I’ve finally gotten around to reading Peter Baker’s massive front-page story in the Sunday New York Times about Obama as commander in chief. I share some of the disquiet expressed by Jennifer Rubin about the president’s lack of knowledge and interest in defense affairs, but that’s hardly unusual for a chief executive. With his focus on domestic policy and his view that foreign crises are an unwelcome “distraction,” Obama echoes most recent presidents, including both Bill Clinton and George W. Bush. Bush, of course, shed that outlook after 9/11, whereas Obama hasn’t — yet. I predict he will before long because he will realize what most presidents realize: that they have the greatest impact in foreign affairs and national-security policy, whereas on domestic issues, they have to beg for help from a recalcitrant Congress. So far, Obama has managed to push most of his agenda through the Hill, but that is likely to change after the November elections bring big gains for Republicans; after that he will probably find foreign affairs a relief rather than a burden.

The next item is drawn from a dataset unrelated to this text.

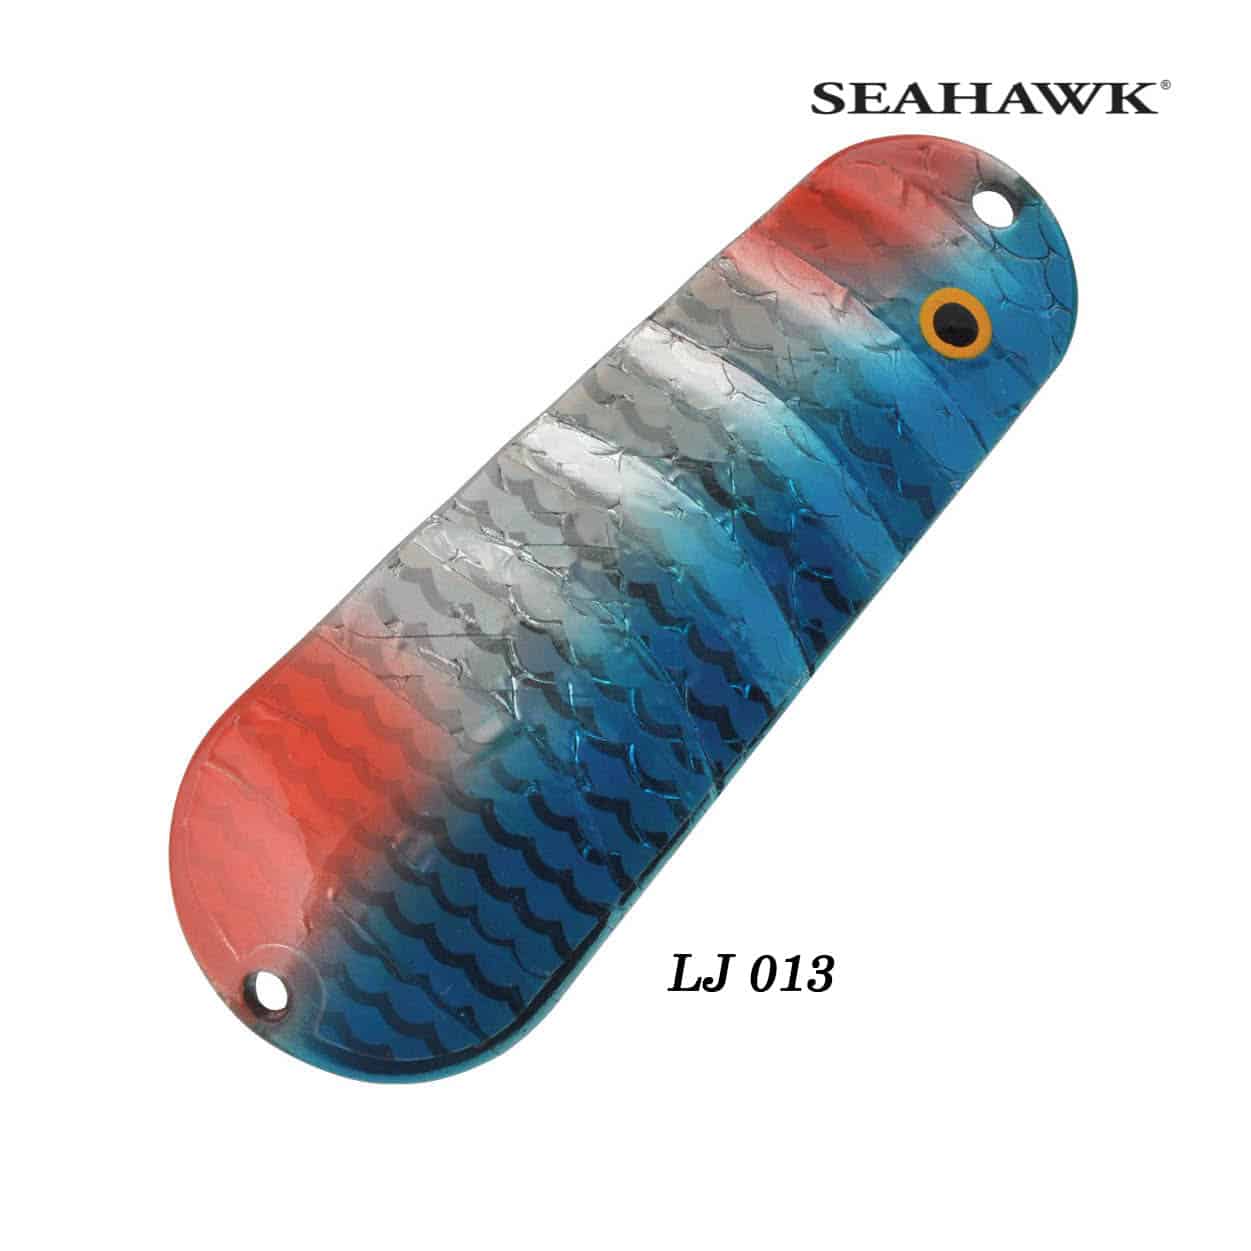 SEAHAWK เหยื่อสปูน - รุ่น 3016 ATOM 02,20g LJ013

In the meantime, however, I was not wholly depressed by Baker’s article. There were, I believe, some positives in it, including the revelation that it was Obama’s personal brainstorm to replace General McChrystal with David Petraeus in Afghanistan (Bob Gates evidently wanted to keep McChrystal on with a reprimand). That was surely a brilliant stroke and speaks well to his creativity and his ability to be decisive. More than that, I was cheered by this line:

When he held a videoconference on Iraq on his first full day in office, officials recalled, he said: “Guys, before you start, there’s one thing I want to say to you and that is I do not want to screw this up.”

That sentiment — “I do not want to screw this up” — explains a lot. It explains why Obama has gone more slowly on the Iraq withdrawal than the left would have liked and why he has bucked his liberal base to build up U.S. forces in Afghanistan. For all his obsession with domestic issues, he evidently realizes that losing wars is bad for a president’s reputation. That’s good for those of us who believe that it’s vitally important for the country’s interests to win the wars in Afghanistan and Iraq. However reluctantly, Obama apparently has come to share that belief.